Linke fordert Rücknahme der Kündigung

Die Linke forderte Bildungsministerin Eva Feußner (CDU) auf, einzugreifen und die Kündigung zurückzunehmen. "Es macht sprachlos, dass man als Schulbehörde auf die Idee kommen kann, eine verdiente Lehrerin nach 39 Dienstjahren fristlos rauszuschmeißen, weil sie nachvollziehbar erklärt hat, dass sie es nicht schafft, 28 Wochenstunden Unterricht zu erteilen", sagte der bildungspolitische Sprecher Thomas Lippmann.

GEW fordert Abschaffung der Zusatzstunde

Auch die Gewerkschaft Erziehung und Wissenschaft hat das Vorgehen des Landesschulamtes kritisiert und fordert die Abschaffung der Zusatzstunde. Die Landesvorsitzende Eva Gerth sagte im Gespräch mit MDR SACHSEN-ANHALT: "Wir haben der Kultusministerin empfohlen, die Vorgriffsstunde wieder vom Tisch zu nehmen". Die Maßnahme sei über die Köpfe der Lehrer hinweg beschlossen worden. "Niemand hat mit ihnen gesprochen", kritisierte Gerth. Zudem sei das Ziel einer 100-prozentigen Unterrichtsversorgung durch die Mehrarbeit nicht erreicht worden.
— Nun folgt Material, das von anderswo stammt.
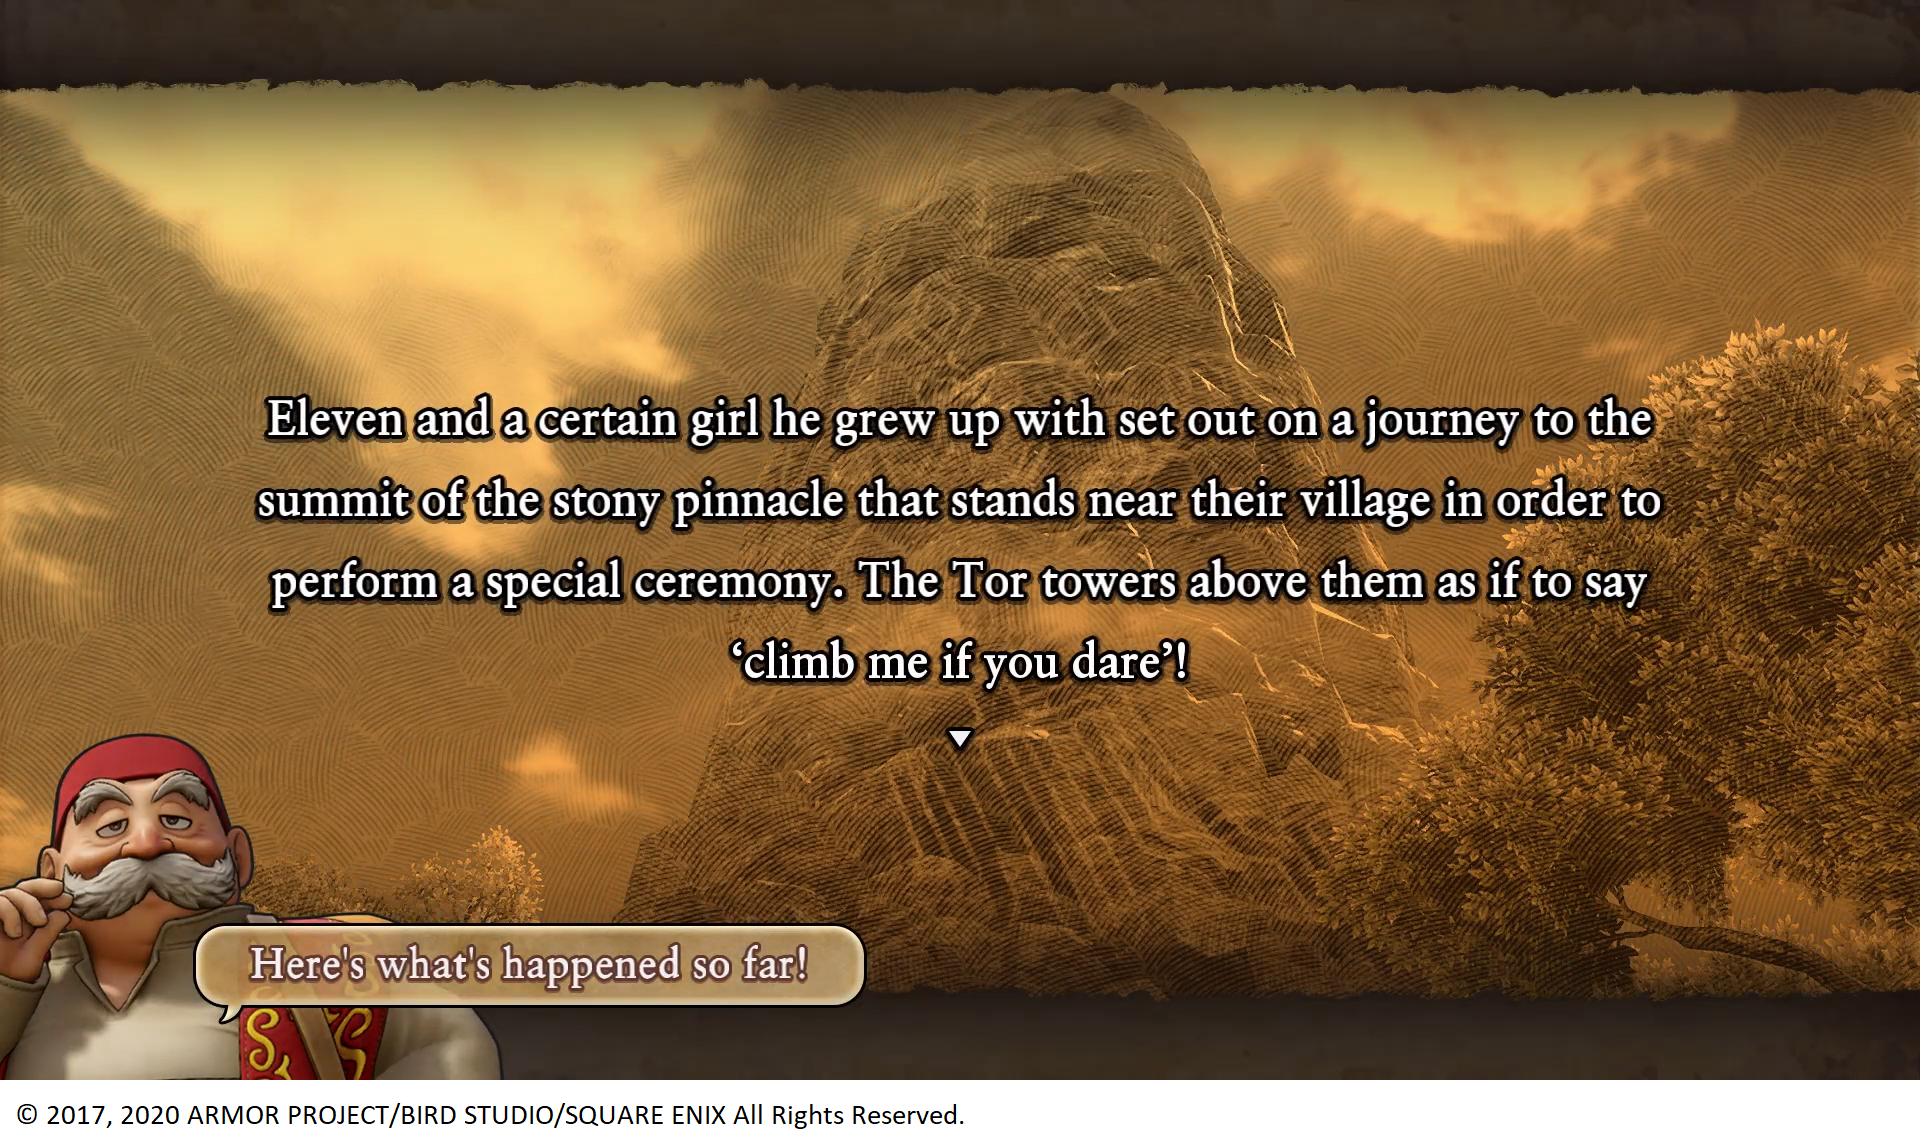 Dragon Quest XI S: Echoes of an Elusive Age screen shot with text reading, "Eleven and a certain girl he grew up with set out on a journey to the summit of the stony pinnacle that stands near their village in order to perform a special ceremony. The Tor towers above them as if to say 'climb me if you dare'! Rab, an elderly white man with big grey mustache, is in the lower right hand corner with a speech bubble saying "Here's what's happened so far!" Copyright on the bottom says "2017, 2020 Armor Project / Bird Studio / Square Enix All Rights Reserved.

Die Gewerkschafterin verwies auch auf handwerkliche Mängel und Verstöße gegen das Entgeltfortzahlungsgesetz. So werde nicht jede tatsächlich gehaltene Stunde bezahlt. Man habe es technisch nicht hinbekommen, die Stunden zum Monatsende zu bezahlen. Jetzt solle das erst zum Schuljahresende geschehen. Das verstoße gegen die Arbeitszeitverordnung.

Mehrere Klagen anhängig

Die Gewerkschaft bietet den Betroffenen zudem Unterstützung für andere Rechtsmittel an. So sei eine Klage gegen den Erlass selbst bereits anhängig, ebenso gegen die Nichtzahlung der Bezüge.

Das Landesschulamt wollte sich zu den Klagen nicht äußern. Die Kündigung der Lehrerin aus der Altmark sei bisher der einzige Fall dieser Art in Sachsen-Anhalt.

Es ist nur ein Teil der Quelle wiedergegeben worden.